Для того чтобы это стало возможным, необходимо достичь коллективного и сознательного единства цели. Работа подразумевала буквальное возвращение к жизни мертвого вещества, повторную сборку из космической пыли частиц, некогда составлявших живые молекулы человеческого тела. Первыми обнаружат эти частицы праха потомки умерших. Федоров не сомневался, что “наука бесконечно малых молекулярных движений, ощутимых только чутким слухом сынов, вооруженных тончайшими органами зрения и слуха, будет разыскивать ‹…› молекулы, входившие в состав существ, отдавших им жизнь. Воды, выносящие из недр земли прах умерших, сделаются послушными совокупной воле сынов и дочерей человеческих и будут действовать под влиянием лучей света, которые не будут уже слепы, как лучи тепла, не будут и холодно-бесчувственны; химические лучи станут способными к выбору, т. е. под их влиянием сродное будет соединяться, а чуждое отделяться. Это значит, что лучи станут орудием совокупной, благой воли сынов человеческих”.

Поиск этих разрозненных молекул не может быть ограничен одной небольшой планетой. Космические путешествия становятся насущной необходимостью, потому что космическая пыль, по мнению Федорова, рассеяна по всей Вселенной. Федоров с оптимизмом смотрел на перспективу появления аппарата, приспособленного для полетов в космос, веря, что человечеству будет под силу в скором времени предпринять такой космолет. Он утверждал, что Вселенная предоставит человечеству обширные возможности для колонизации, которая будет осуществлена силами миллионов умерших, воскрешенных к жизни. Федоров объяснял, что воскрешение всего человечества ознаменует собой победу над временем и пространством. Победой над пространством станет покорение Вселенной, в то время как “переход от смерти к жизни, или одновременное сосуществование всего ряда времен (поколений), сосуществование последовательности, есть торжество над временем”. Мыслитель видел связь между проектом бессмертия и сопутствующими проблемами, такими как генетическая инженерия и продление (до бесконечности) отдельных человеческих жизней. Его теория, возможно, звучит причудливо, но не более, чем концепция всеобщего воскрешения к жизни вечной – ключевой догмат веры, разделяемой миллионами людей. И не менее причудливой, к слову сказать, особенно для тех, кто не привык к утопическим мечтам и фантазиям, может показаться и концепция всеобщего братства или призыв дать “каждому по потребности”.

Большевики и радикалы, перенявшие теории федоровского космизма, избавились от бесполезной и избыточной фигуры Господа Бога. С большевистской точки зрения, сам человек символизирует трансцендентность. Взгляды Ленина на теории такого рода были печально известны после его полемики с Богдановым, поэтому так называемое “богостроительство” – идея замены Бога человеком в рамках божественной, вечной системы – так и не стала частью официальной идеологии.

Однако бывшие “богостроители”, среди которых был и нарком просвещения Анатолий Луначарский, получили влиятельные посты в большевистском правительстве, так что некоторые их идеи вновь зазвучали в дебатах о перспективах строительства нового общества, например, о том, какова вероятность, что это самое новое общество сумеет победить старость, болезни и даже смерть, что стало бы величайшим триумфом науки. Очень многие и в партии, и в обществе в целом предвкушали окончательную победу над смертью. Забавно, учитывая враждебное отношение Ленина ко всем этим идеям, что именно эти прожекты на деле вдохновили Леонида Красина, увлеченного космизмом Федорова члена Комиссии по увековечиванию памяти В. И. Ульянова (Ленина), выступить с инициативой о сохранении тела вождя. В письмах, которые мешками приходили в Кремль после смерти Ленина, люди повторяли ту же мысль, предлагая сохранить бренную оболочку, чтобы однажды наука смогла воскресить вождя к жизни.
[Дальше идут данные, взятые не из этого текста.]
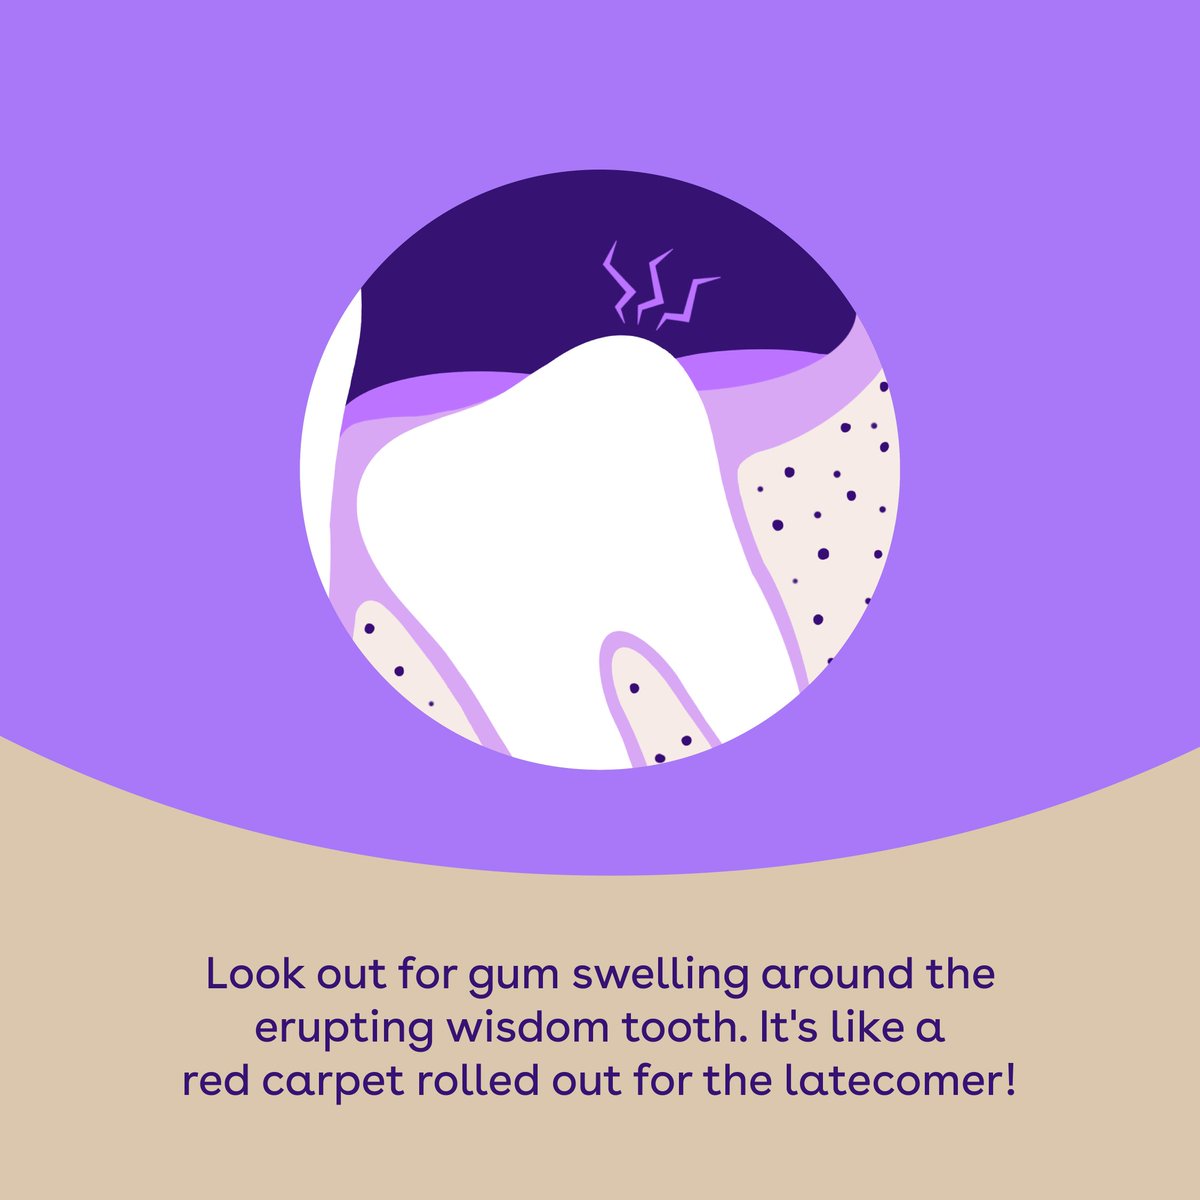 Don't ignore these signs that are indicative of a wisdom tooth eruption. Awareness is the first step towards good oral health.

#Dezy #DentalMadeEasy #oralhealth #dentalcare #dentalclinics #dental #HealthForAll #WisdomTooth

Экзотические россказни о бессмертии в материальном смысле слова никогда не владели сознанием и мыслями ленинской элиты. Однако в ее представлении другие типы бессмертия были не только возможны, но и имели жизненно важное значение. Революции 1917 года стоили сотен жизней, и на улицах собирались толпы скорбящих, чтобы оплакать погибших. По крайней мере, в столичных городах, Москве и Петрограде, где царила всеобщая убежденность, что российская история переживает перелом и начало новой эпохи, значение этих смертей не могло быть истолковано никак иначе, чем зловещее, дурное предзнаменование. Ни один политический деятель не имел права упускать такую возможность: это был шанс заявить о том, что умершие отдали жизнь ради высшей цели, превратить их кровь в жертвоприношение, эдакий светский аналог евхаристии.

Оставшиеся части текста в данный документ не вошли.